• [Requirement] Could you restate the entries below word for word and leave out the pictures?

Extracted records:
----
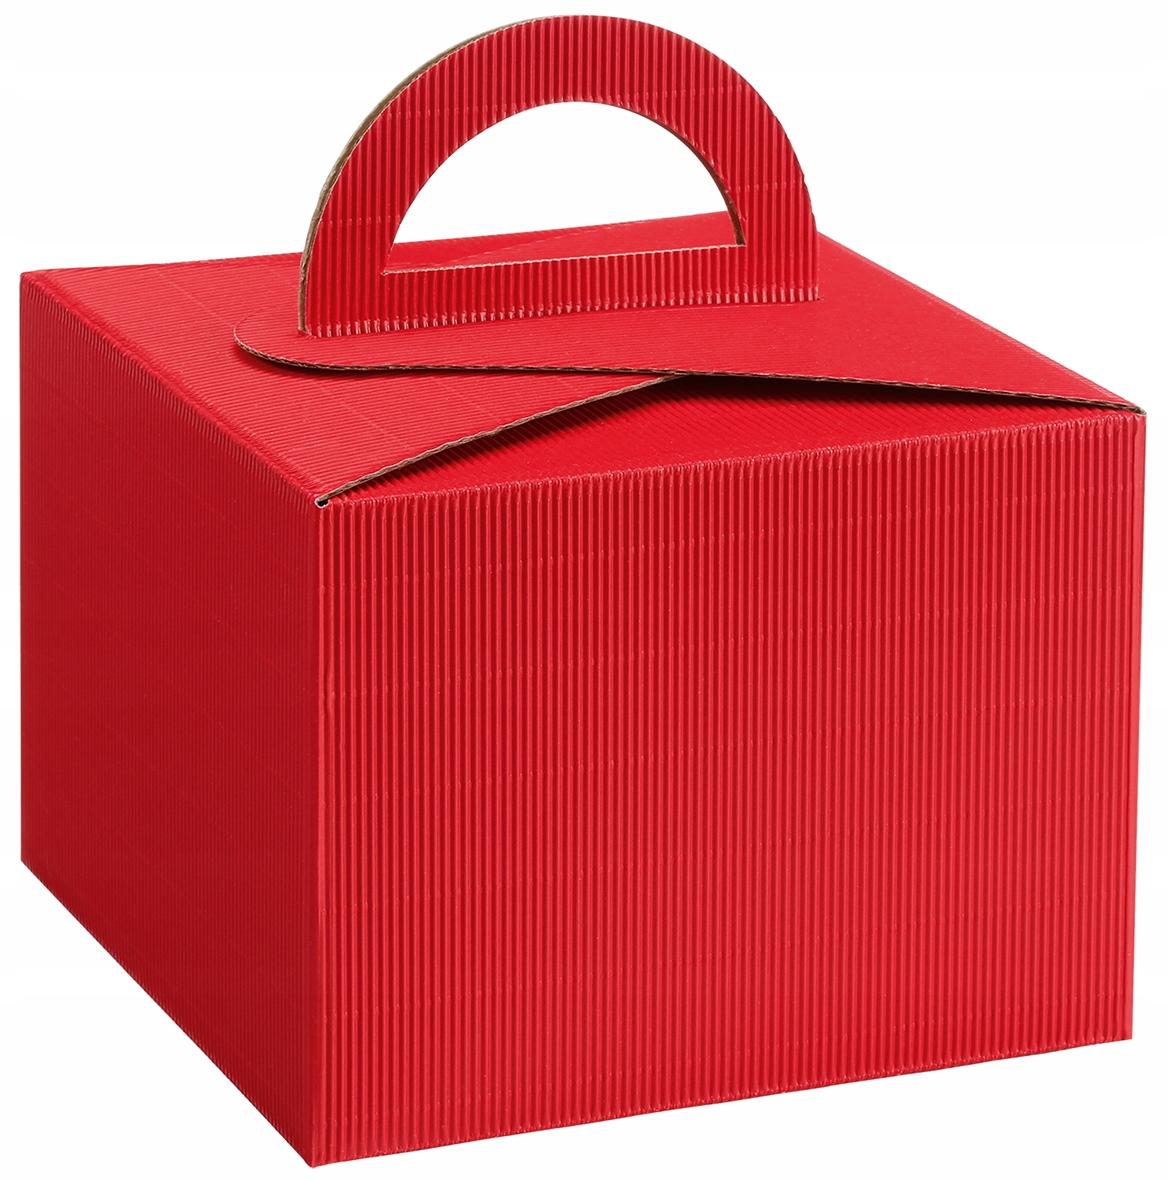 Подарочная коробка красный День святого Валентина ECO colors
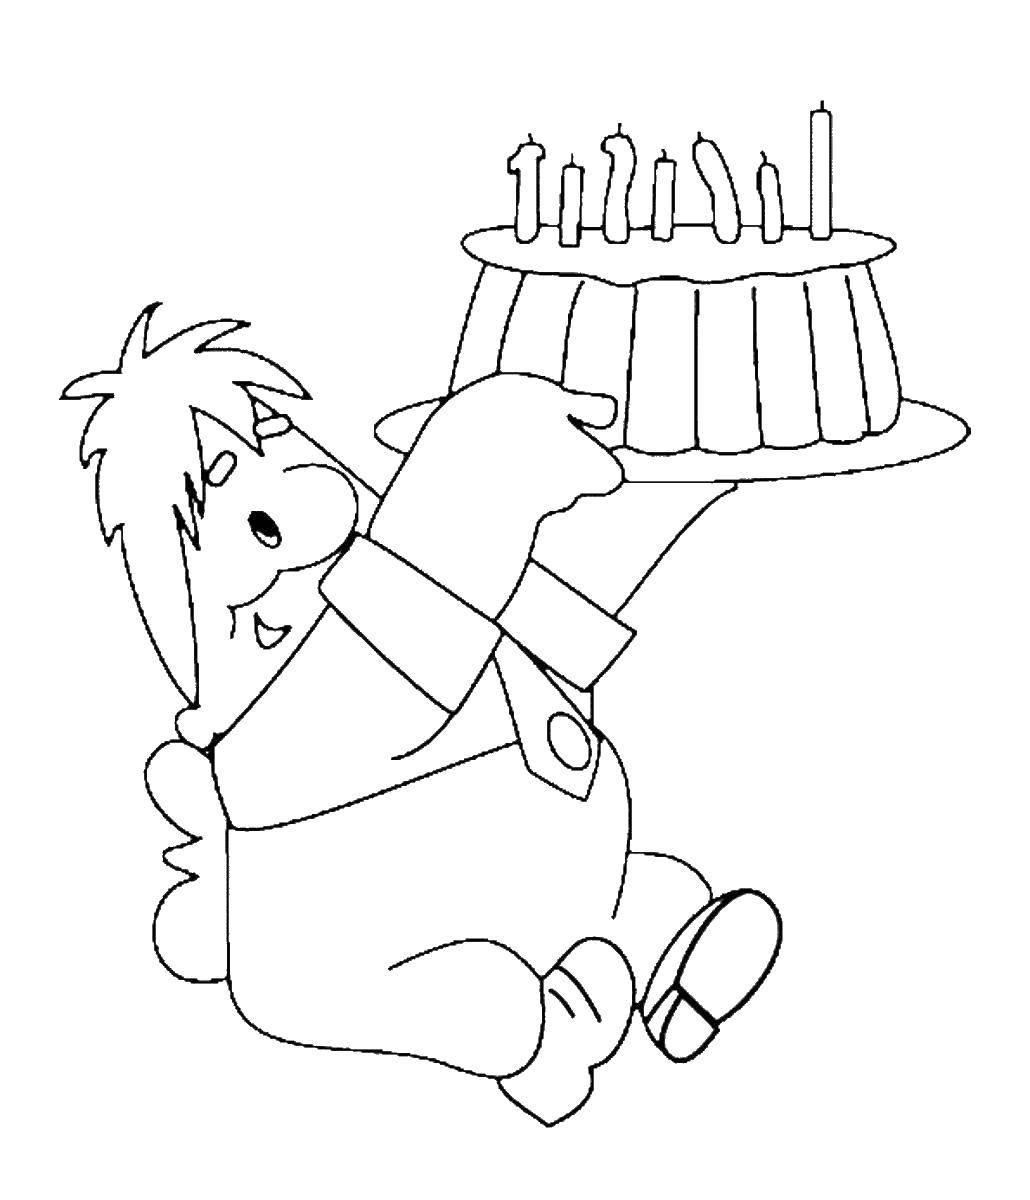 Раскраска С днём рождения, карлсон Скачать Праздник, день рождения.  Распечатать ,с днем рождения надпись,
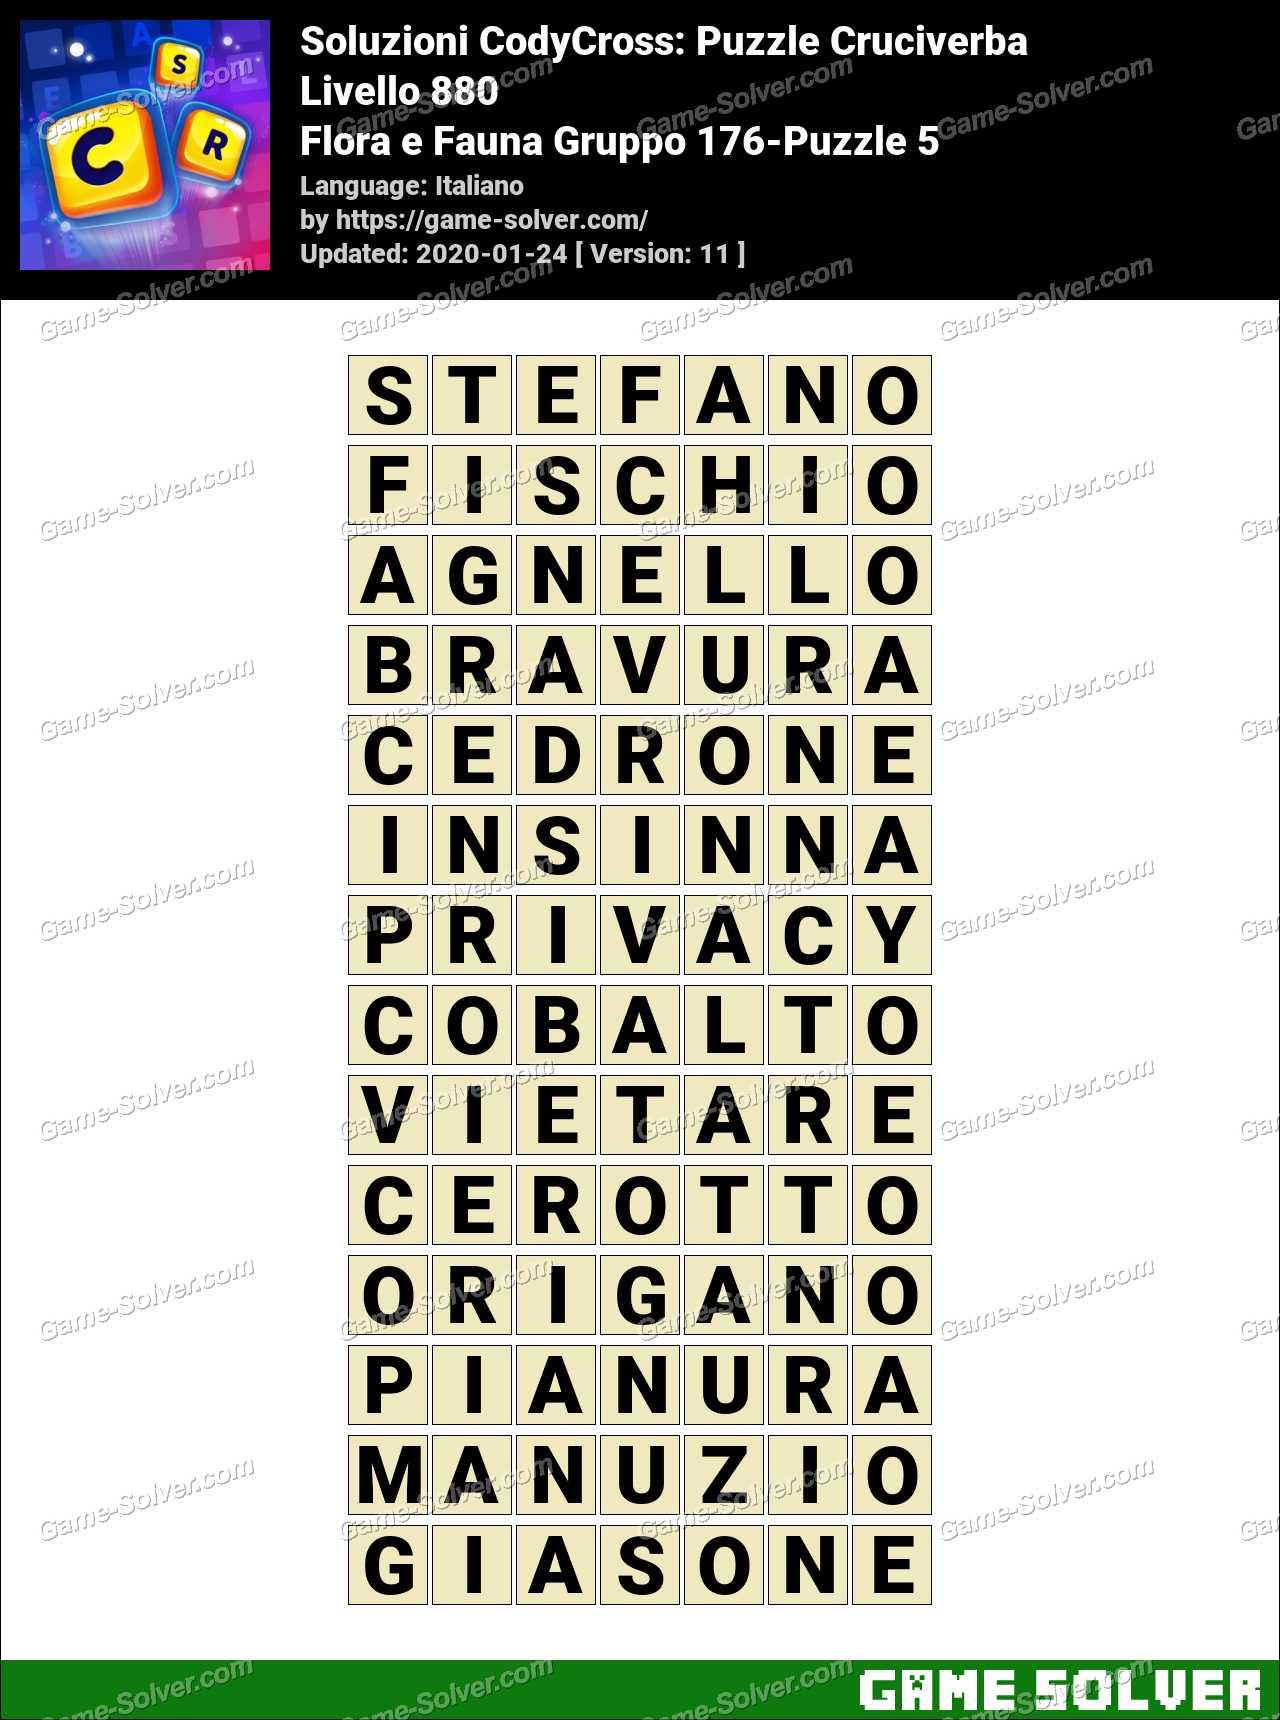 Soluzioni CodyCross Flora e Fauna Gruppo 176-Puzzle 5
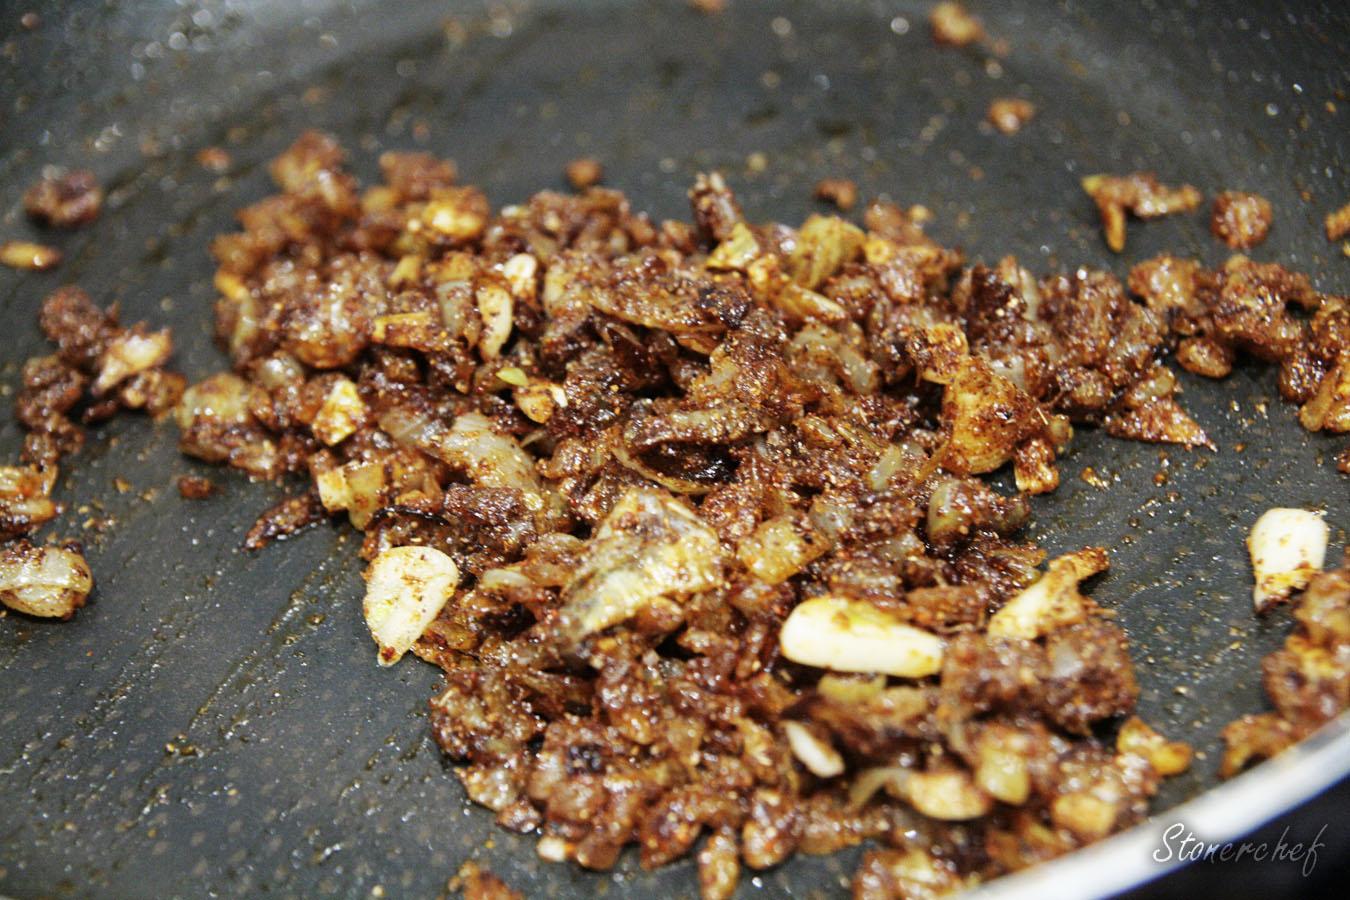 przyprawy dodane do skarmelizowanej cebuli i czosnku
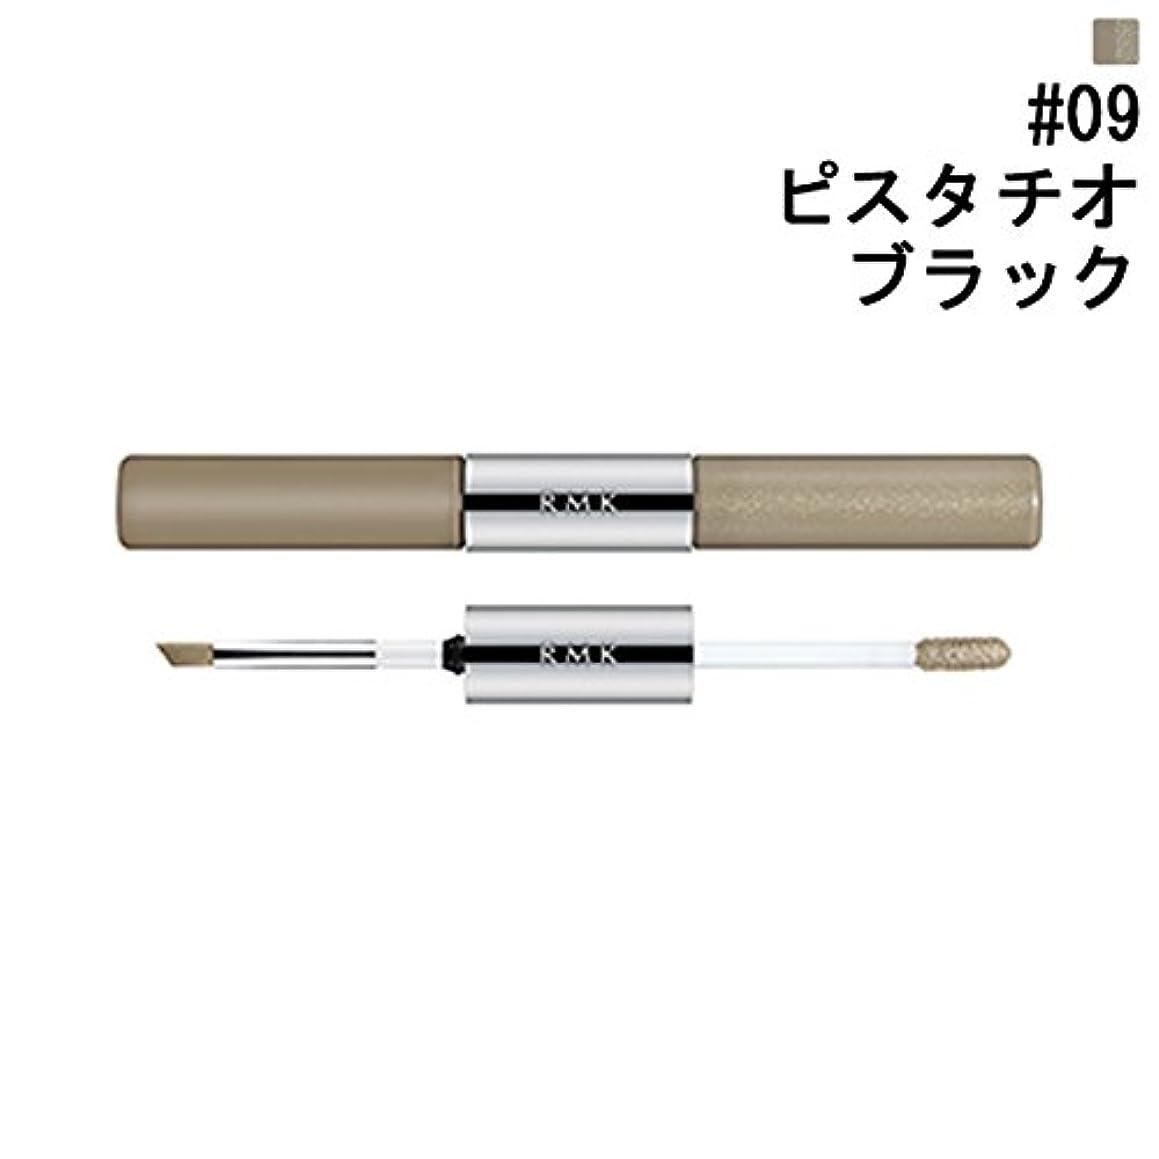 圧縮するボイコット姉妹【RMK アイシャドウ】 W ウォーター アイズ カラー インク 09 [並行輸入品]
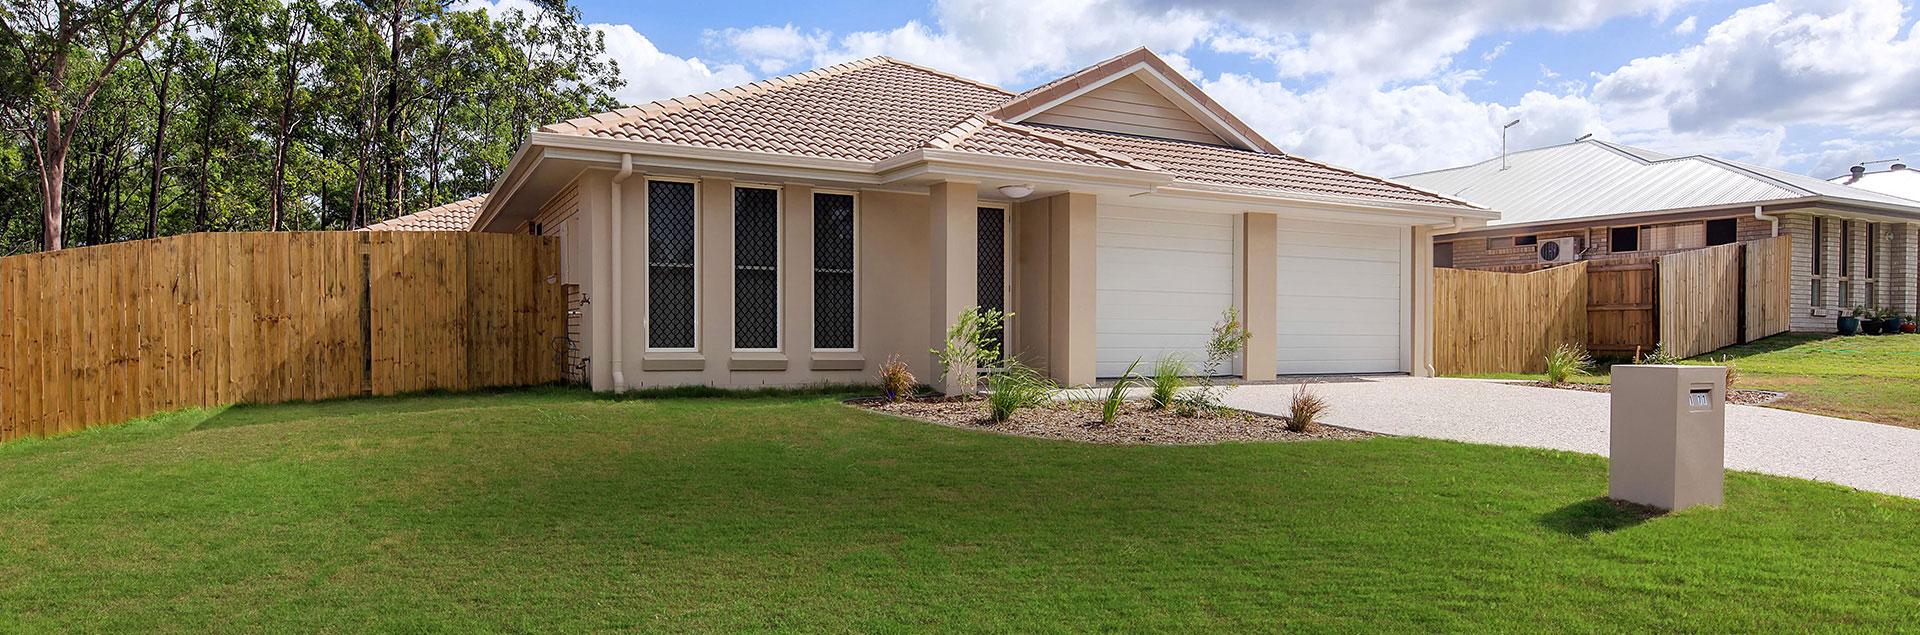 Positive Cash Flow Property Brisbane Dual Living Property Brisbane - Property Queensland
----
• [Answer section]
 Подарочная коробка красный День святого Валентина ECO colors
 Раскраска С днём рождения, карлсон Скачать Праздник, день рождения.  Распечатать ,с днем рождения надпись,
 Soluzioni CodyCross Flora e Fauna Gruppo 176-Puzzle 5
 przyprawy dodane do skarmelizowanej cebuli i czosnku
 圧縮するボイコット姉妹【RMK アイシャドウ】 W ウォーター アイズ カラー インク 09 [並行輸入品]
 Positive Cash Flow Property Brisbane Dual Living Property Brisbane - Property Queensland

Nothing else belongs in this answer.